その一つが、やはり円高がこれまで進んできた為替の問題。そして、二つ目には、関税を初めとする
国境措置の問題。三つ目には、国内における法人税であったりとか、さまざまな制度、
規制の問題。そして、四つ目には、どうしても
日本の場合、資源が少ない、そんなことから資源
エネルギー、電力コストが高くなってしまう。こういったハードルをどこまで除去できるかといったことが、極めて重要だと
考えております。
一番目の為替につきましては、為替を目的としているわけではありませんが、今の長引くデフレからの脱却ということで、明確な物価目標二%を定めて、そしてそのもとで大胆な金融緩和を行っていく、そこの中で円高がかなり是正をされてきている、こんなふうに今
考えております。
そして、二つ目の
国境措置の問題でありますが、
貿易立国としてさまざまな経済
連携協定を進めていかなければならない。特に、安倍総理が先週決断をしたTPPへの参加、これは、関税だけではなくて投資のルールも含めて、これから成長するアジア太平洋
地域の基本的なルールづくりの土台になっていく。このTPPを土台にしながら、さらにはRCEP、そしてFTAAPと広がっていく。
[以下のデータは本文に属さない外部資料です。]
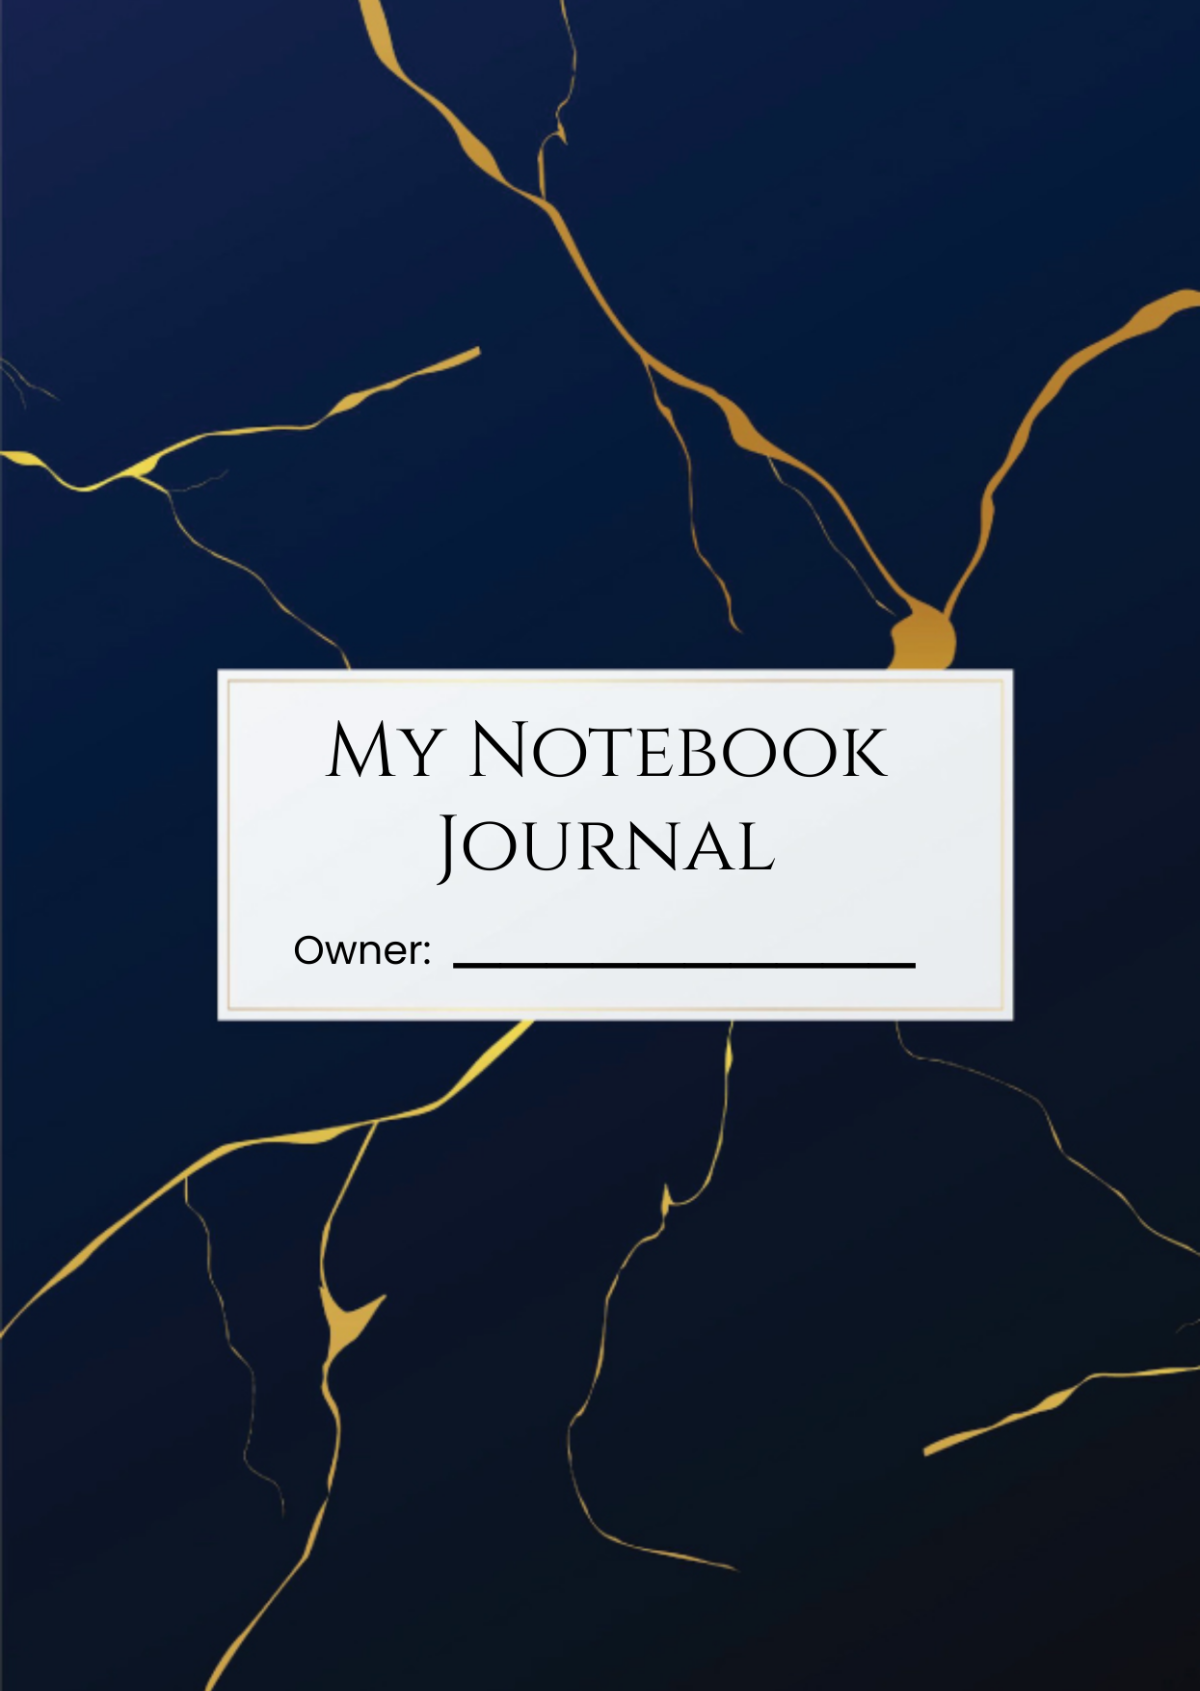 Free Notebook Journals for Macbook Pro

こういった中から、さまざまな
日本企業にとって障害になっているような制度であったりとか
国境措置、こういったものを取り除いていくということが必要だと思っております。
そして、税の問題、法人税の問題も検討しなければなりませんが、
規制緩和、これが極めて重要だ、こんなふうに
考えておりまして、
規制緩和の中でも、大きく三つぐらいのポイントがあると私は思います。
その一つは、新規参入、こういったものを促して健全な競争環境をつくっていく、これから我々として御
提案申し上げたい電力システム改革、まさにこの典型的なものになってくるんじゃないかな、そんなふうに思っております。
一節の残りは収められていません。